• [What to produce]:
Output the listing below verbatim, but drop the images.

• [Given information]:
┌──

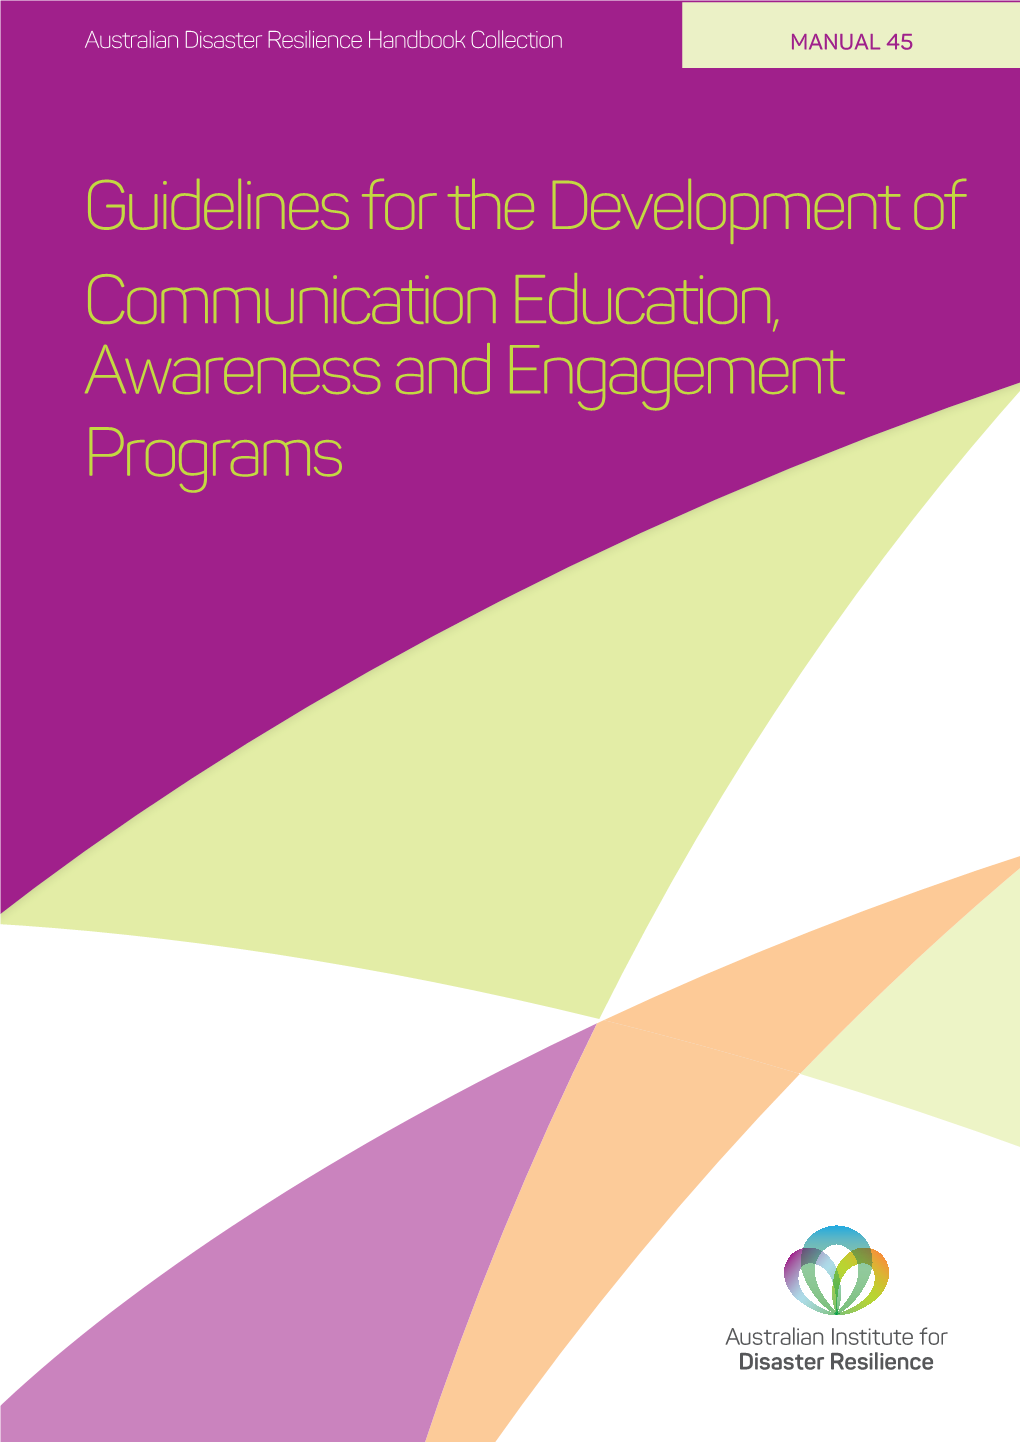 Guidelines for the Development of Communication Education, Awareness and Engagement Programs AUSTRALIAN DISASTER RESILIENCE HANDBOOK COLLECTION
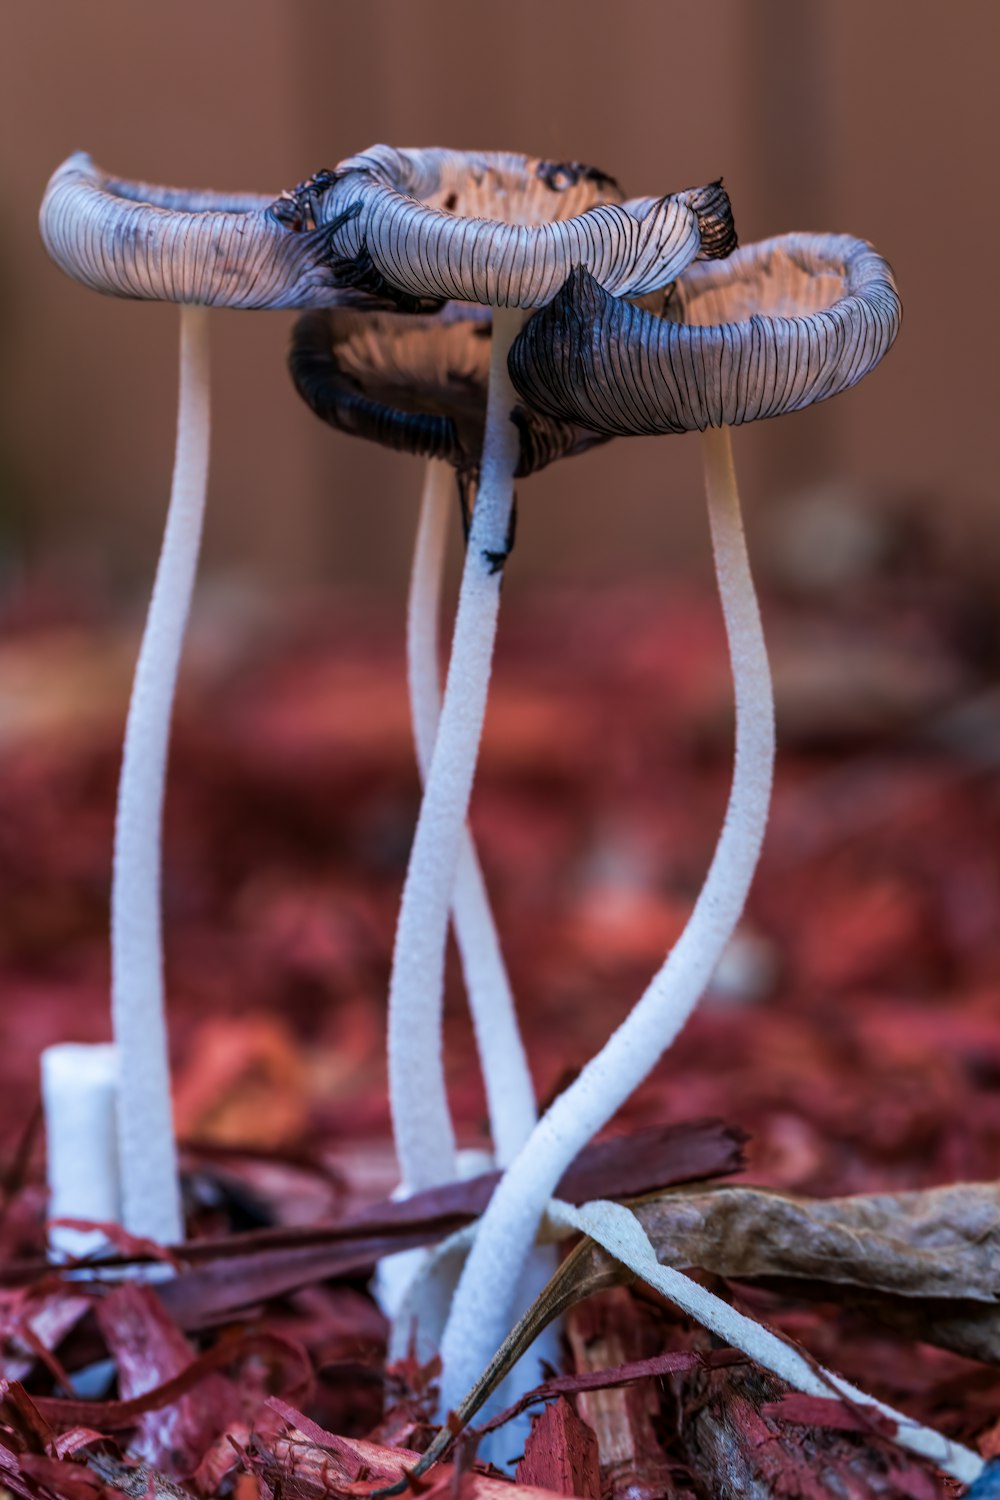 a close up of two mushrooms on a bed of leaves
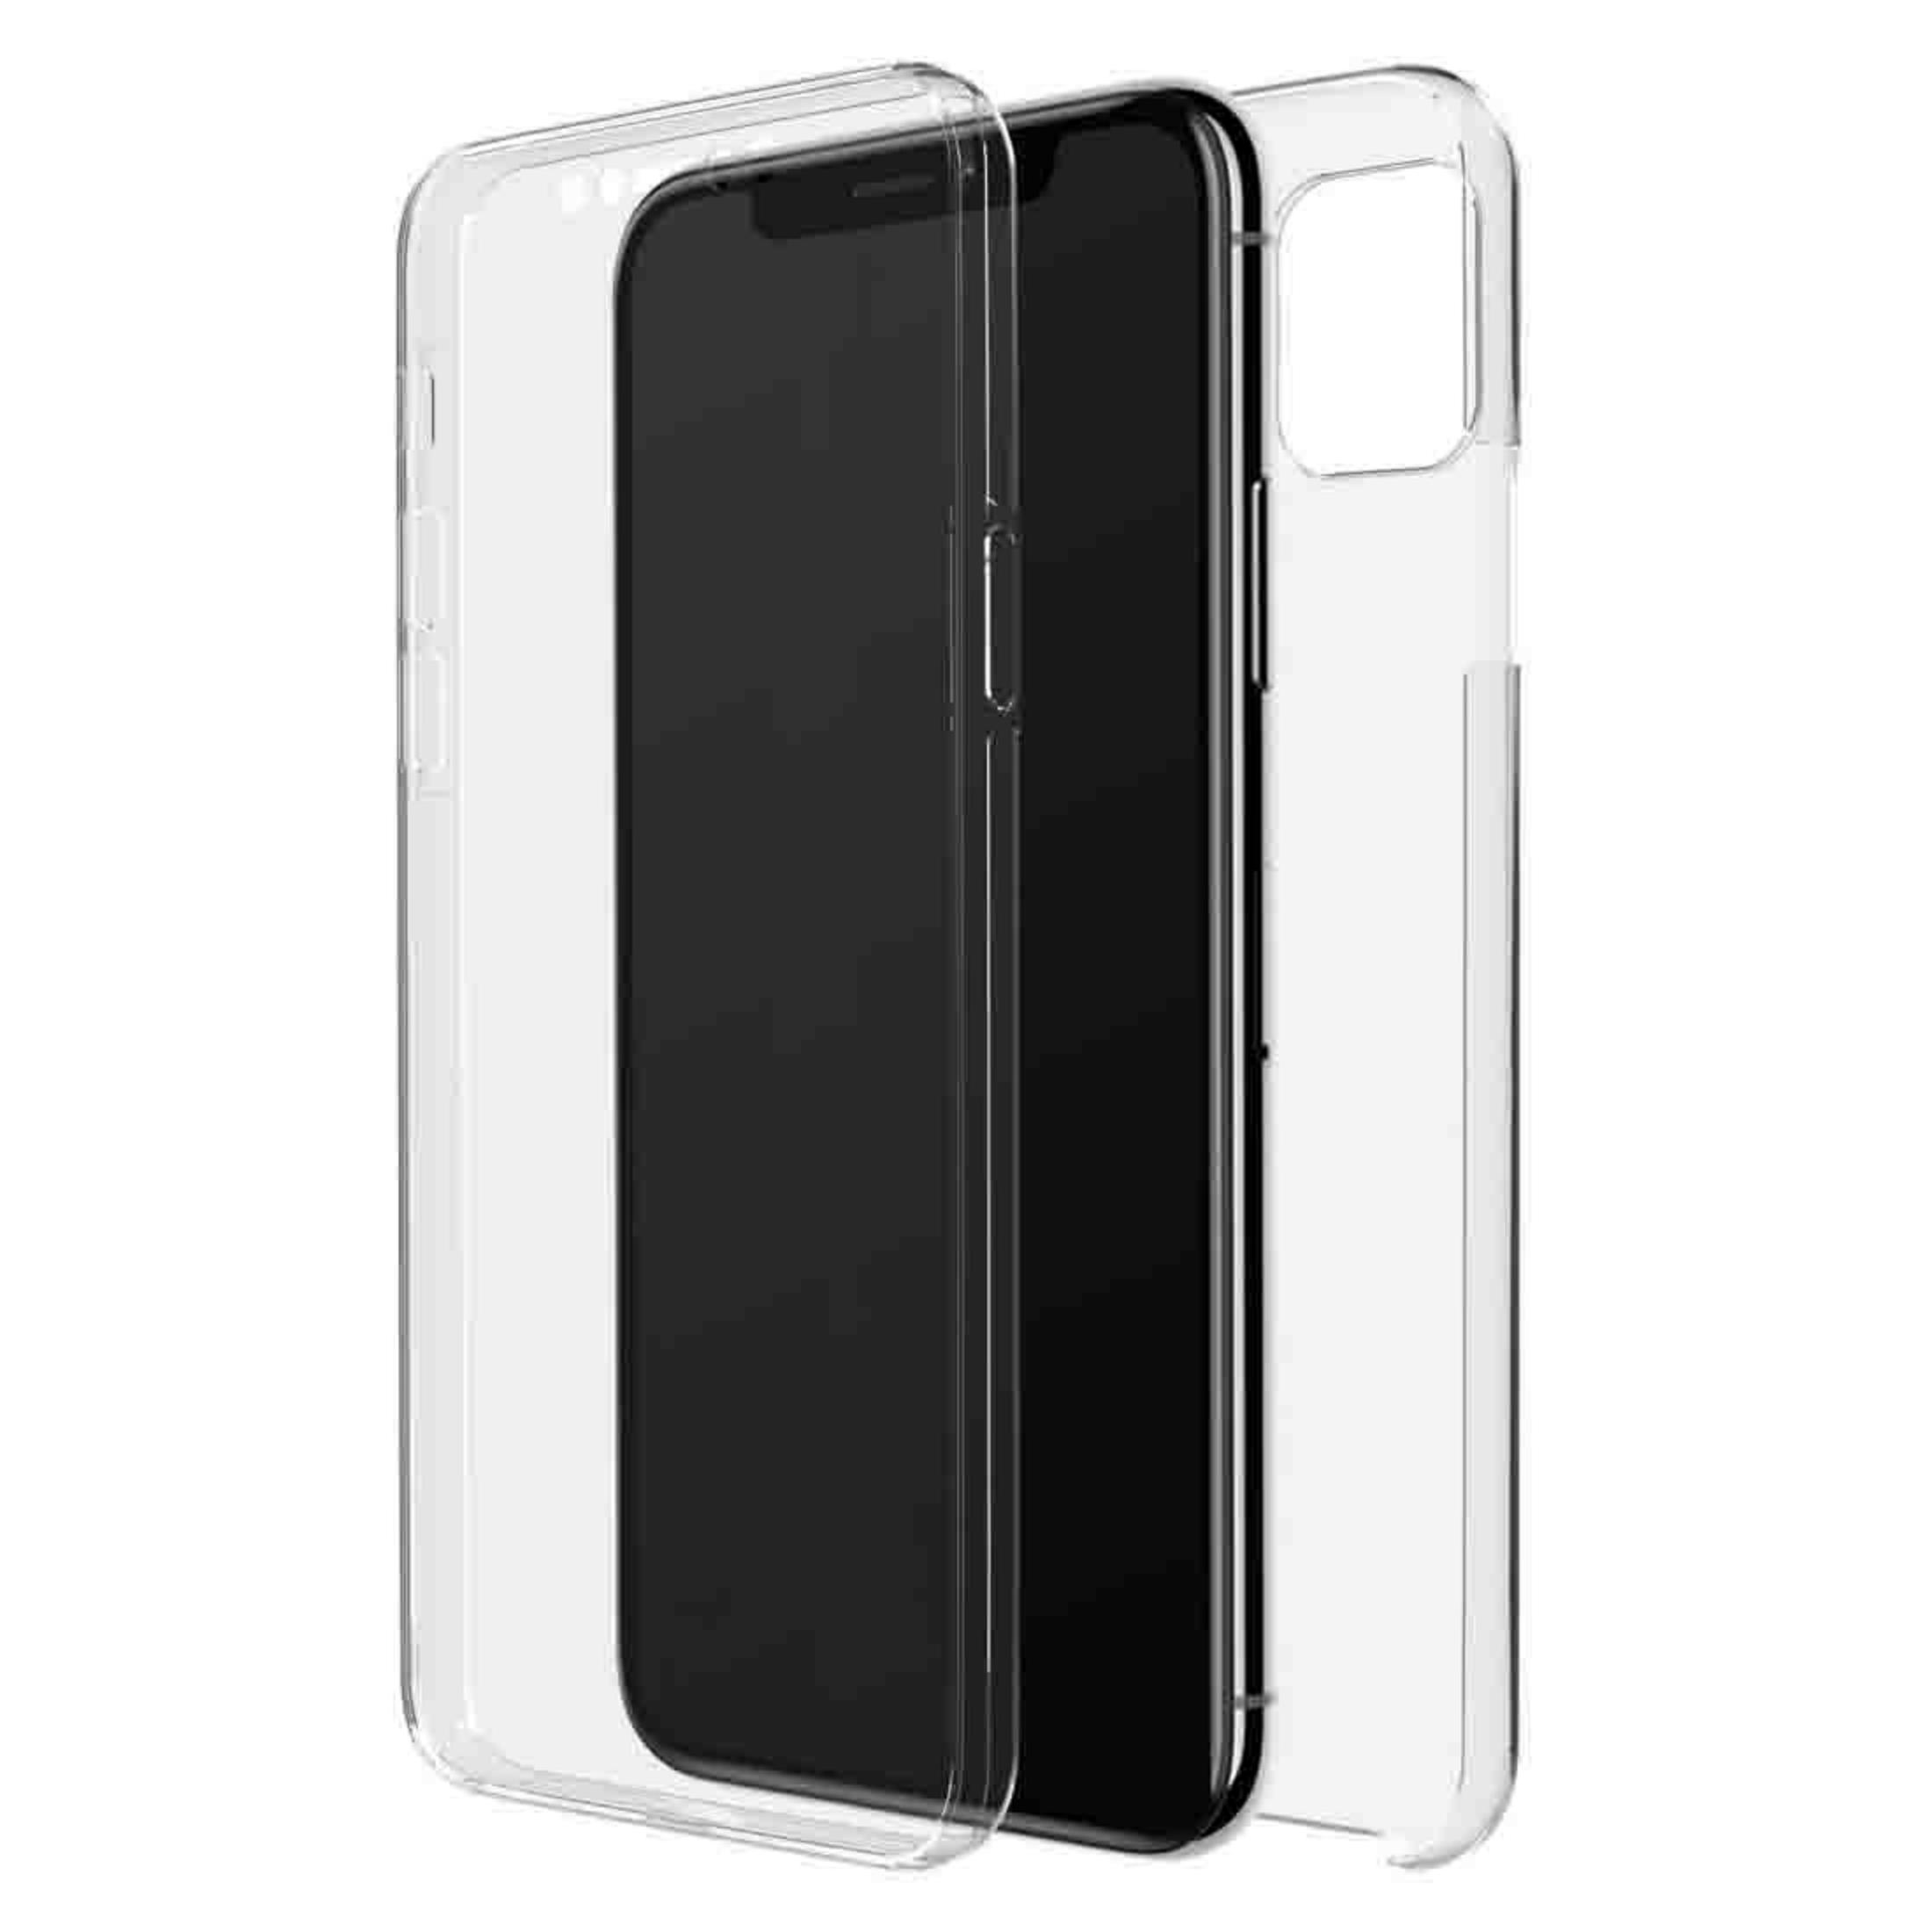 BLACK ROCK 187025 11 11 Cover, IPHONE CLEAR Transparent CO iPhone Apple, PRO, Full Max, 360° Pro

└──

• [Task output]:
 Guidelines for the Development of Communication Education, Awareness and Engagement Programs AUSTRALIAN DISASTER RESILIENCE HANDBOOK COLLECTION
 a close up of two mushrooms on a bed of leaves
 BLACK ROCK 187025 11 11 Cover, IPHONE CLEAR Transparent CO iPhone Apple, PRO, Full Max, 360° Pro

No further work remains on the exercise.